The next sheet jolted her. A photo sheet of pictures, taken in rapid sequence. She and her dad…and Adam Kessler, sitting on the patio of a favorite Tex-Mex restaurant, having lunch. Laughing. Dad joking, Adam smiling politely. Jane excused herself. Adam and Dad still talking.
Adam handing something to Dad. Dad nodding and putting it in his pocket. Jane returning to the table, unaware.
What was this? She checked the dates written on the back of the pictures. A few weeks before Dad died.
There were other photo sheets. Her father traveling, going into his business, coming home, dinners out with Mom. Laurel looking worried, tired, holding her father’s hand, leaning toward him. And looking unhappy. Her father looked tired.
“You’re too big for the swing,” a small voice behind Jane said. She turned and saw a little girl frowning at her. “It’s for kids.”
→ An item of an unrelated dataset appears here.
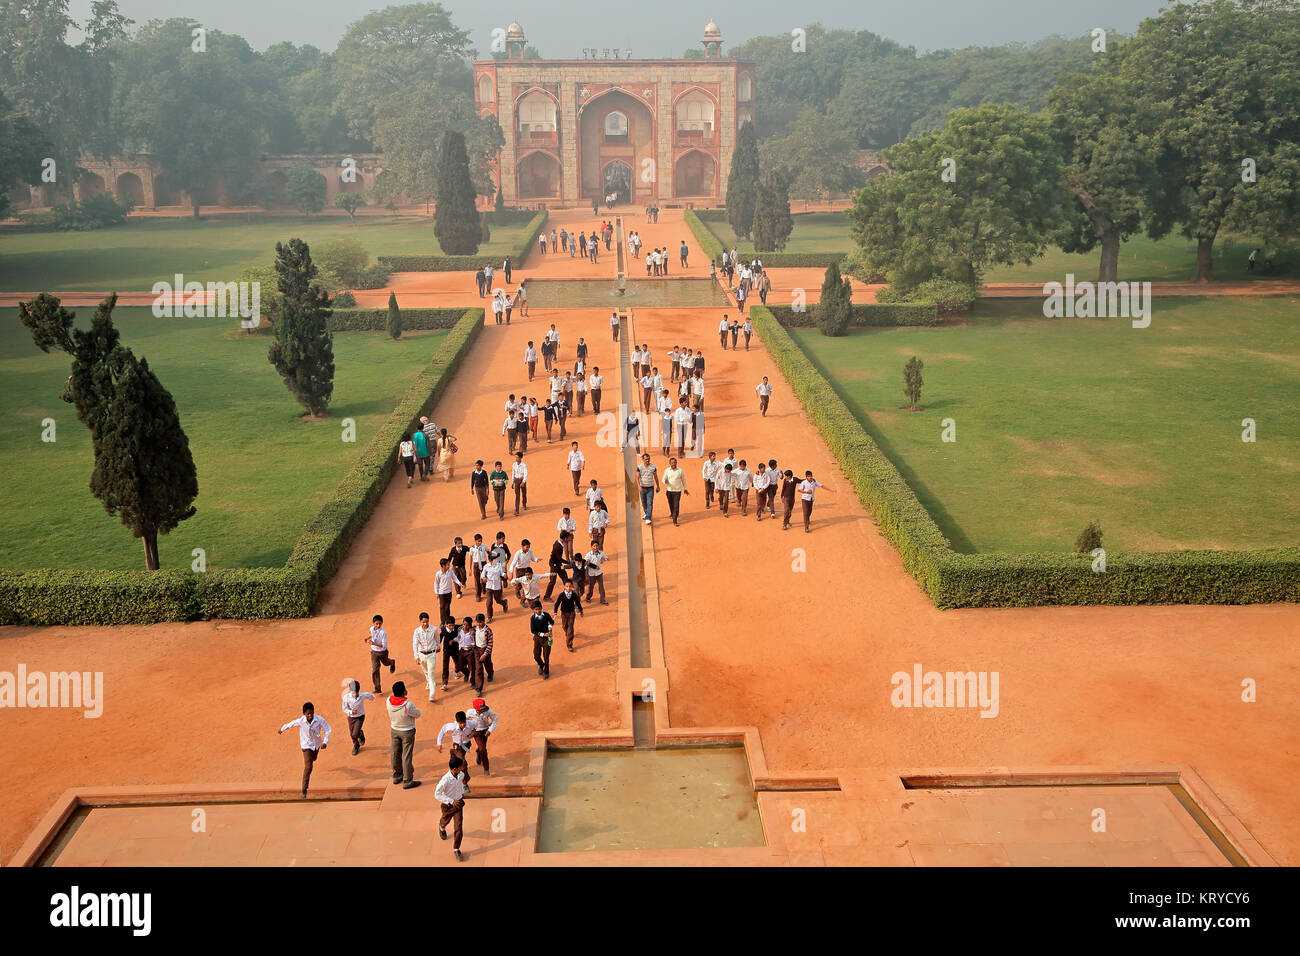 DELHI, INDIA - NOVEMBER 23, 2015: Visitors at the entrance to the historical Humayuns tomb and garden - a UNESCO world heritage site Stock Photo

“I guess you’re right.” Jane stood up and she walked to the park bench and sat back down. The little girl watched her, as if surprised that Jane had moved. She took the swing that Jane had vacated, empty now like all the rest, and knelt on the seat, moving gently in rhythm.
Nothing in her life seemed to be what she thought. She put away the perplexing file on her father and opened the file on David.
It was much more detailed than the file she’d found in her mom’s file cabinet. She supposed that one was shared with her mother’s attorney, and this was the one produced for the Halls’ lawyer, Kip Evander.
There were photos, reports, and interviews with Amari (she who passed the note to Jane in class and then texted Kamala at Happy Taco), Trevor, Kamala, and others who’d had contact with her and David in the course of the evening. The time line was nearly the same as hers, with one additional fact: that Kamala had called the Halls earlier in the evening and spoken with Cal Hall. Nothing was noted as to the content of that conversation.